SB 14 creates the six-member Georgia Alzheimer's and Related Dementias State Plan Task Force with the Director of Aging Services, within the Department of Human Services, serving as the Chair of this Task Force. 

SB 24 enacts the "Hospital Medicaid Financing Program Act," establishing a provider fee to be paid by hospitals for the purposes of obtaining federal matching moneys for the State's Medicaid program.

SB 105 amends the "Uniform Fraudulent Transfers Act" defining the terms "charitable organization" and "private foundation."  A "transfer made to a charitable organization shall be considered complete unless it is established that a fraudulent transfer has occurred  […] and such charitable organization had knowledge of the fraudulent nature of the transfer." 

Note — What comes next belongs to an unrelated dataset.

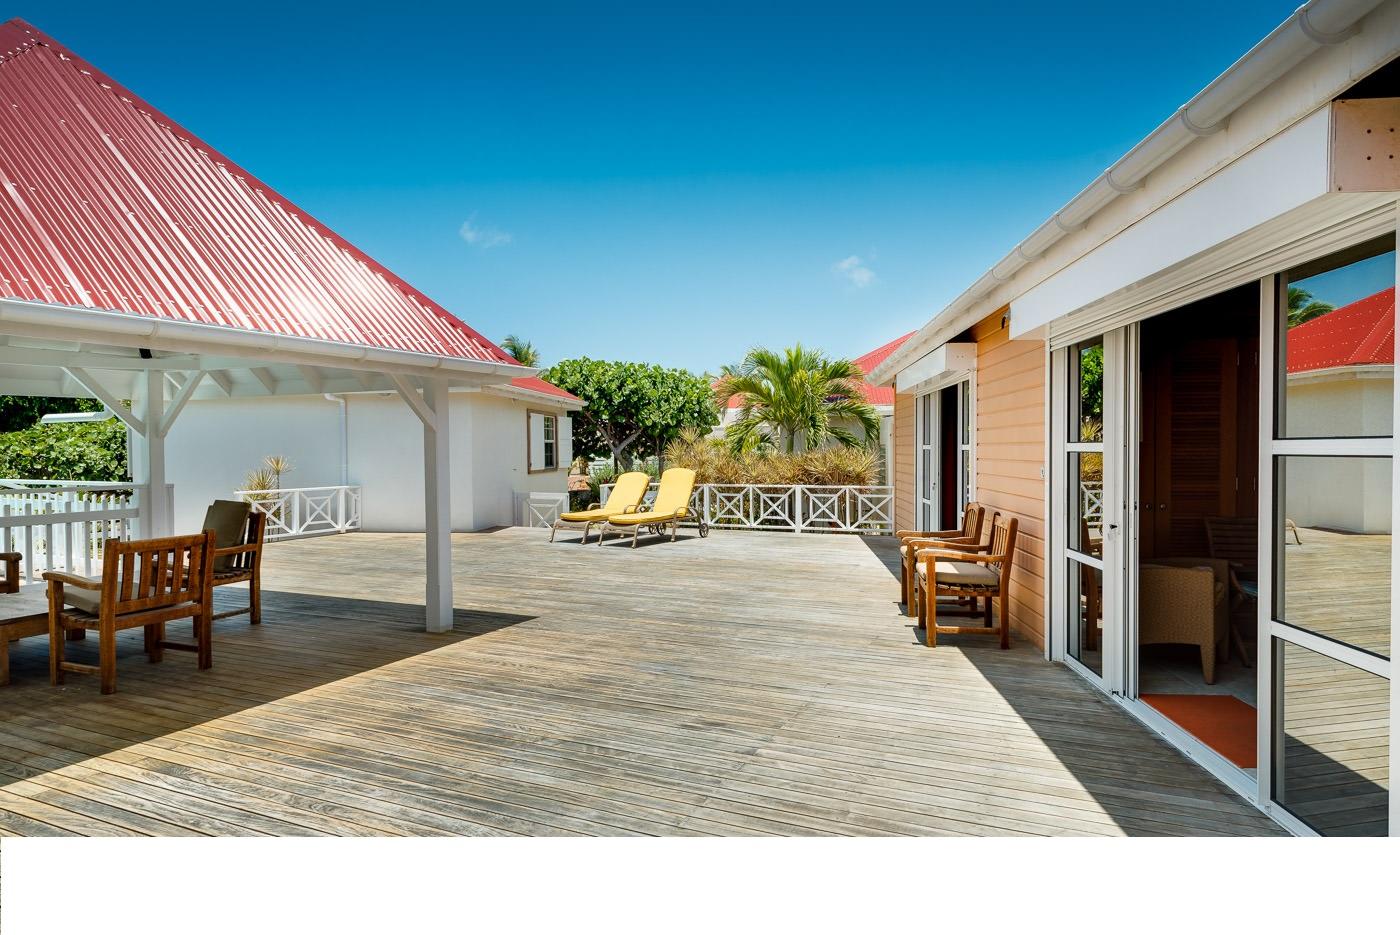 St Barts Bedroom Vacation Als Jean Beach C Reef
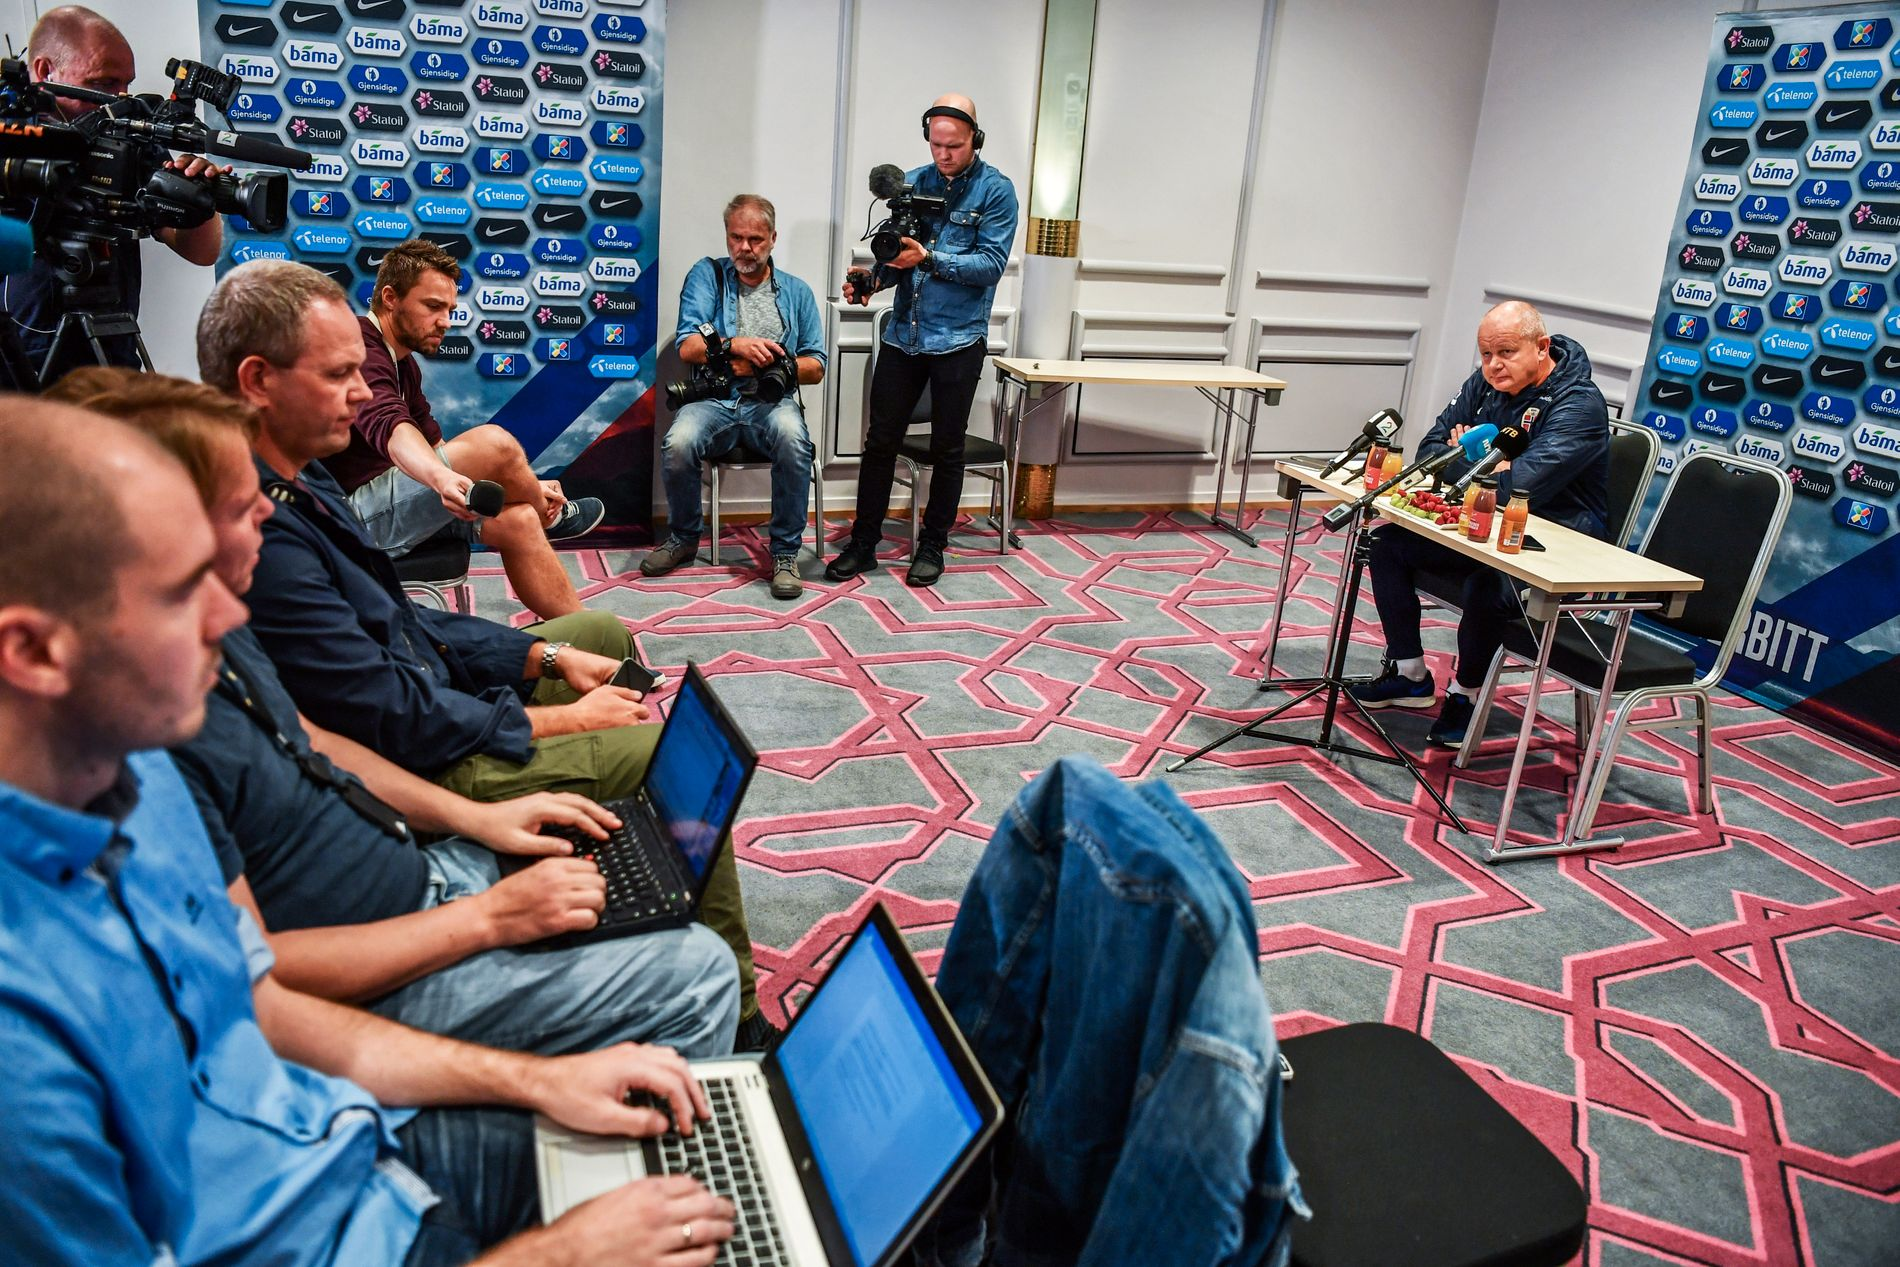 Per-Mathias Høgmo pressekonferanse fotballandslaget før VM-kvaliken mot Tyskland. Foto: BJØRN S. DELEBEKK, VG

SB 160 enacts modifications relating to laws pertaining to security and immigration compliance and contains modifications regarding verification procedures and conditions, exceptions, regulations and criminal and other penalties for violations while verifying lawful presence to obtain a "public benefit." 

HR 107 creates an 18-member Joint Study Committee on Medicaid Reform, which is to look at appropriate levels of service and expenses of Medicaid as well as ways to ensure the program's sustainability.

HR 502 creates the Joint Study Committee on Mental Health Access, focusing "on examining community infrastructure, crisis services, provision of services across the life span from youth to older adults, geographic gaps and diversity, workforce needs, provider network development and accountability, funding and the need to keep dollars within the system as we transition away from hospital based delivery models of treatment, and support services."

FAILED (and eligible for 2014 discussion)

Numerous changes were offered on abortion laws. Some included attempts to amend the State's coverage options for individuals covered by the State Health Benefit Plan and the ethical treatment of human embryos.

Attempts to address clearly and affirmatively the policy of the State as it relates to hospital authorities' exercise of the powers so that they "shall be immune from antitrust liability to the same degree and extent as enjoyed by the State of Georgia" did not pass.

No broadened permission to carry guns passed this Session although there were many attempts to amend Georgia's permissions for individuals to carry weapons.

Amendments to Georgia's minimum wage laws were proposed but failed to pass.

Health insurance coverage mandates (including coverage for autism, hearing aids and special dietary foods) failed. 

Stan Jones serves as lobbyist for the Georgia Center for Nonprofits and is a Partner at Nelson Mullins Riley & Scarborough.
Helen Sloat is Legislative Consultant at Nelson Mullins Riley & Scarborough.